Metadata-Version: 2.1
Name: tabledetector
Version: 1.0.0
Summary: End-to-End table structure detector
Home-page: https://github.com/rajban94/TableDetector
Download-URL: https://github.com/rajban94/TableDetector.git
Author: Rishav Banerjee
Author-email: rishavbanerjee10.rb@gmail.com
License: MIT License
Keywords: table detector
Classifier: Programming Language :: Python :: 3
Classifier: Development Status :: 1 - Planning
Classifier: Operating System :: OS Independent
Description-Content-Type: text/markdown
License-File: LICENSE

# Tabledetector

Tabledetector is a Python package that takes PDFs or Images as input, checks the alignment, re-aligns if required, detects the table structure, extracts data, return as pandas dataframe for further use.
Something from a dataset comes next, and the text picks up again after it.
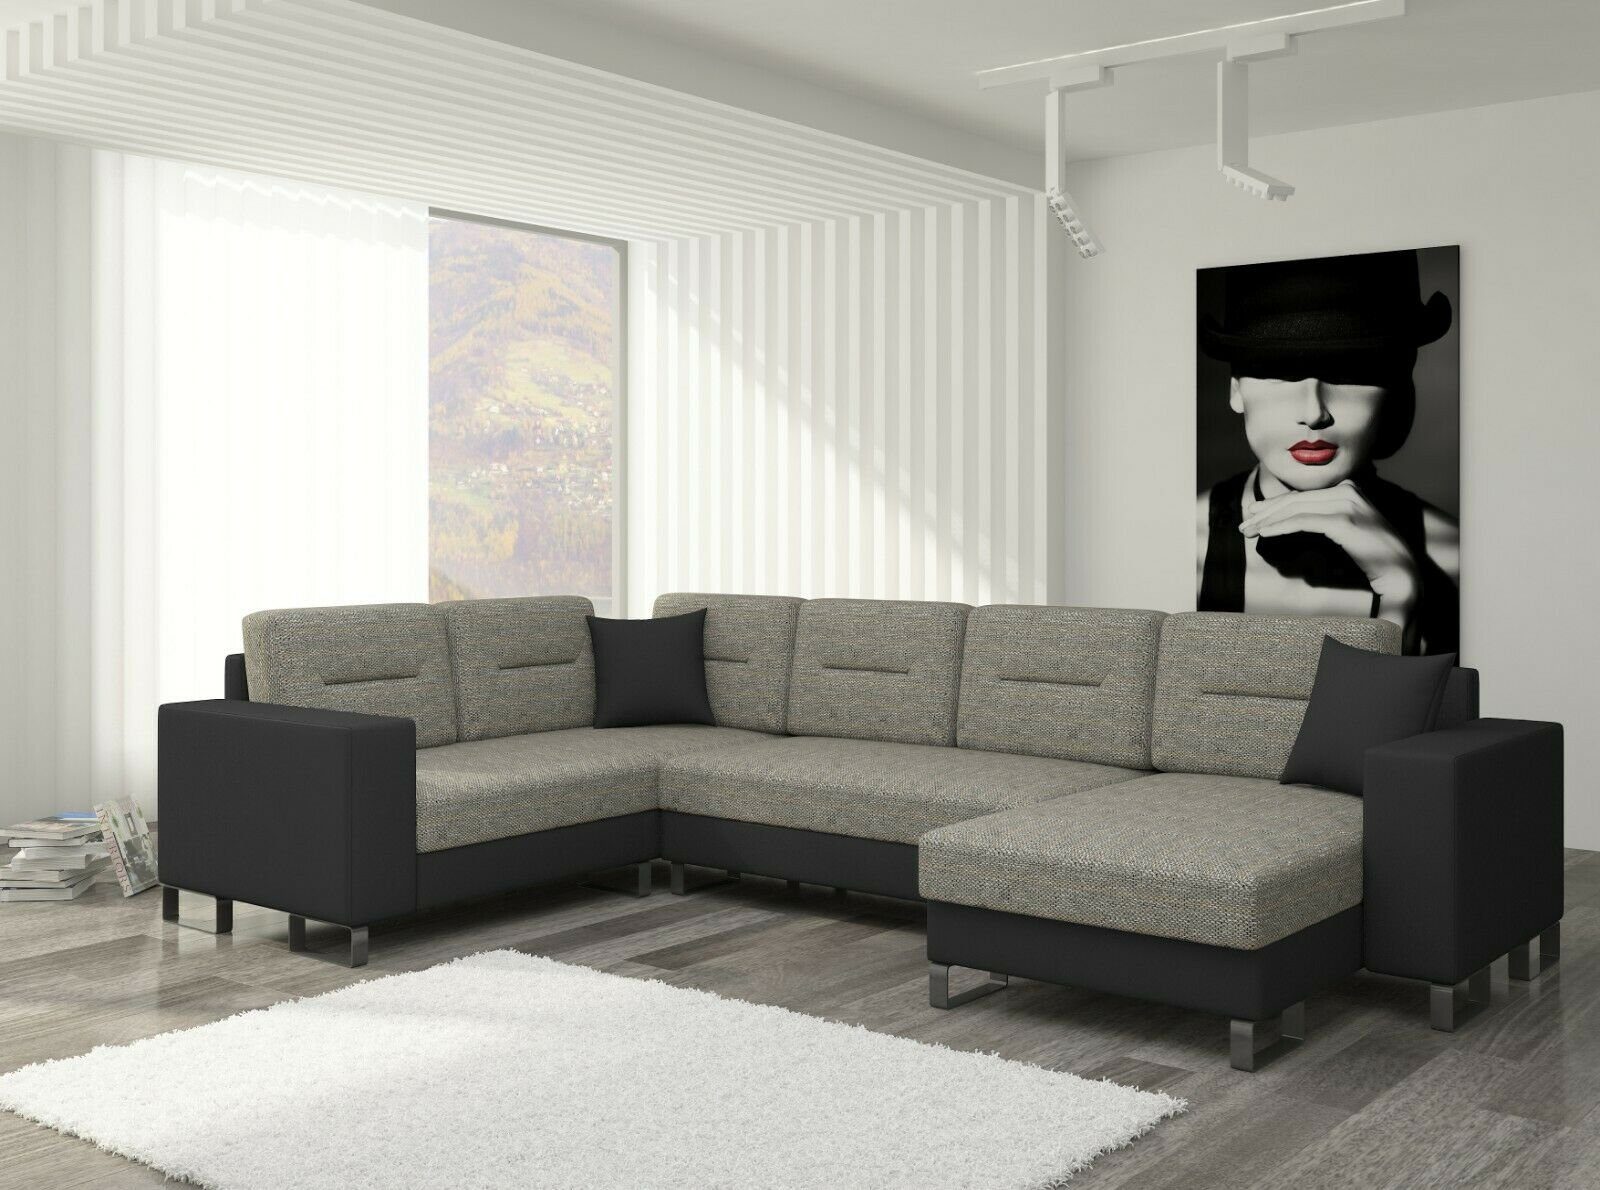 JVmoebel Ecksofa Design Ecksofa Schlafsofa Bettfunktion Couch Leder Polster Textil, Mit Bettfunktion Hellgrau/Dunkelgrau | Ecksofas

The current implementation focuses on bordered, semibordered and unbordered table structures.

## Features

- **PDF Input:** Accepts PDF/Image files as input for table detection.
- **Alignment Check:** Verifies and adjusts alignment of input.
- **Table Detection:** Identifies bordered, semibordered and unbordered tables in the PDF/Image File.
- **Table Extraction:** Extract the tabular data in the form of dataframe.

## Libraries Used

- Python 3.x
- OpenCV
- NumPy
- pdf2image
- Pillow
- scipy
- jinja2
- easyocr
- pandas

## Create and Activate Environment
```bash
conda create -n <env_name> python=3.7
conda activate <env_name>
```
## Installation of package using pip

```bash
pip install tabledetector
```

## Clone the repository for latest development release

```bash
git clone https://github.com/rajban94/TableDetector.git
```

## Usage
For bordered table detection:
```bash
import tabledetector as td
result = td.detect(pdf_path="pdf_path", method="bordered")
```

For semibordered table detection:
```bash
import tabledetector as td
result = td.detect(pdf_path="pdf_path", method="semibordered")
```

For unbordered table detection:
```bash
import tabledetector as td
result = td.detect(pdf_path="pdf_path", method="unbordered")
```
If no method is mentioned in that case it will check for all the methods and will provide the result accordingly.